Discovering that the river leads to the lake where Air Force One crashed, Moore and Oskari swim inside the plane to wait for rescue. Hazar attacks them, sets a time bomb, and receives orders to kill the President rather than torture him for later execution. Moore kills Hazar before he and Oskari escape Air Force One using the ejector seats. Oskari shoots Morris with an arrow as the former bodyguard leans out of a helicopter to kill them. The arrow fails to penetrate the protective padding on Morris's chest, but the impact still kills Morris by driving the shrapnel into his heart. As Morris plummets, Air Force One itself explodes, destroying his helicopter, and sending Moore and Oskari flying all the way back to the camp where a Navy SEAL team simultaneously arrives to search for Moore. For his actions as Oskari's "prize", Moore assures Oskari's father, Tapio, that his son is the bravest man he has ever met. Oskari receives the Medal of Honor for saving Moore's life.

During a private discussion in the bathroom at the Pentagon between the Vice President and Herbert, they learn that Hazar was originally a CIA operative. Their plan would have had the President killed to inspire a new war on terror, but with his survival, Moore becomes a hero instead, and the Vice President loses his attempt to become President. To ensure nothing can be traced back to them, Herbert kills the Vice President.

==Production==
The film's budget was €8.5 million (equivalent to US$10 million at the time), making it the most expensive film ever produced in Finland to that day. Although the wilderness adventures are portrayed to take place in Finnish Lapland, the outdoor footage in the film was filmed in the Alps and the rest were filmed in Germany.

==Reception==

===Box office===
Big Game opened in Finland on 19 March 2015 at number 4, taking in $324,321 from 113 screens. The following week it dropped 38% to finish the weekend at number 2, with $199,996 from 103 screens. The film had made $1,420,000 (€1,271,847) as of 26 June 2015.

As of 17 May 2015, the film had a worldwide total of $7,455,218.

===Critical response===
On Rotten Tomatoes, the film has a 78% approval rating, based on reviews from 88 critics, with critics consensus stating "Big Game's enthusiastic throwback vibe will appeal to fans of low-budget '80s action movies, but co-writer/director Jalmari Helander adds a level of smarts and skill that make it more than just an homage." On Metacritic, the film has a weighted average score of 53 out of 100, based on reviews from 18 critics, indicating "mixed or average" reviews.

The Hollywood Reporter called it "A Presidential rescue tale that's ludicrous, in a good way." IGN called it "Goonies with guns".

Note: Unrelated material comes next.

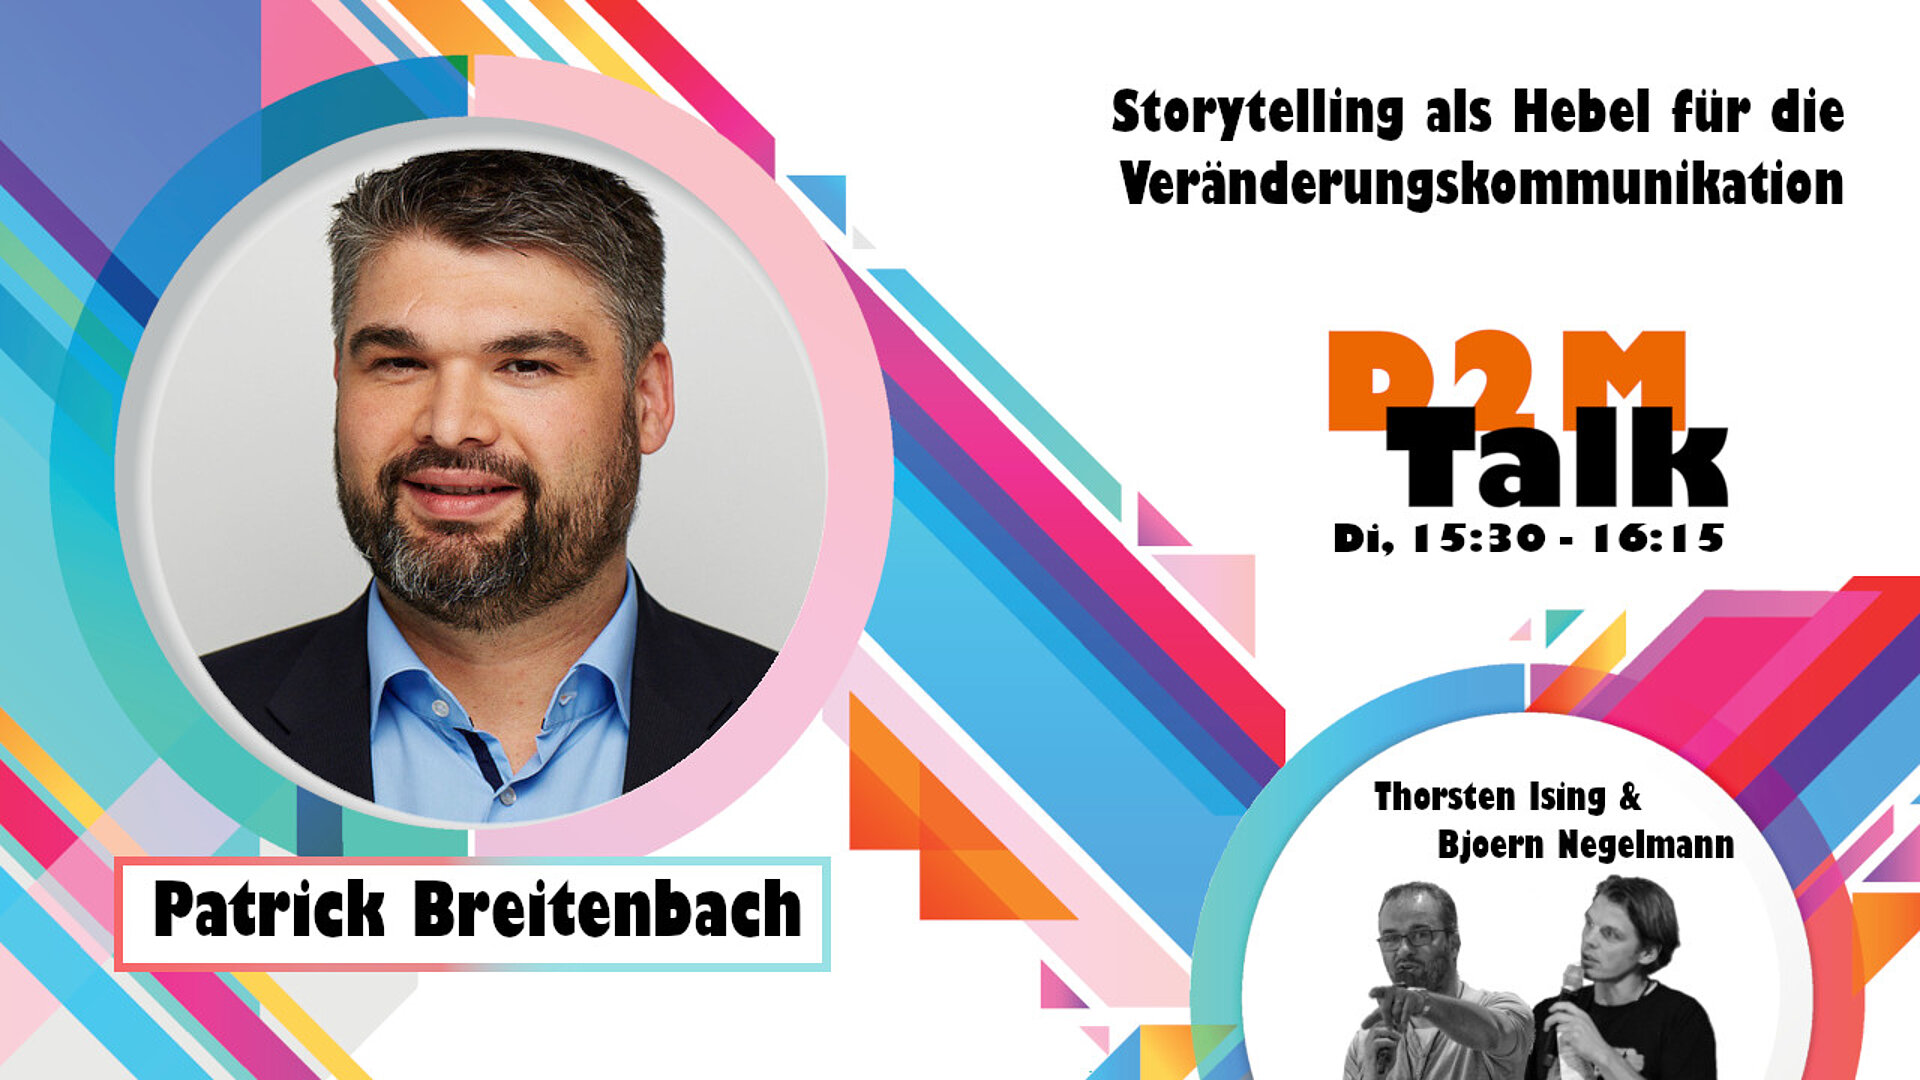 Im Gespräch mit Patrick Breitenbach zu Storytelling als Hebel für die Veränderungskommunikation

====Director's own response====
In an interview with Yle in October 2025, Helander expressed his disappointment with the outcome of Big Game, as the tone of the film changed from the original vision to being "too kind". Helander also became too frustrated with Jackson's constant demands and mood swings, which Helander was not used to. However, according to Helander, the resentment and anger left over from Big Game were important factors in the creation of the script for the next film Sisu.

===Accolades===
Big Game received a nomination for Best DVD or Blu-ray Release at the 42nd Saturn Awards.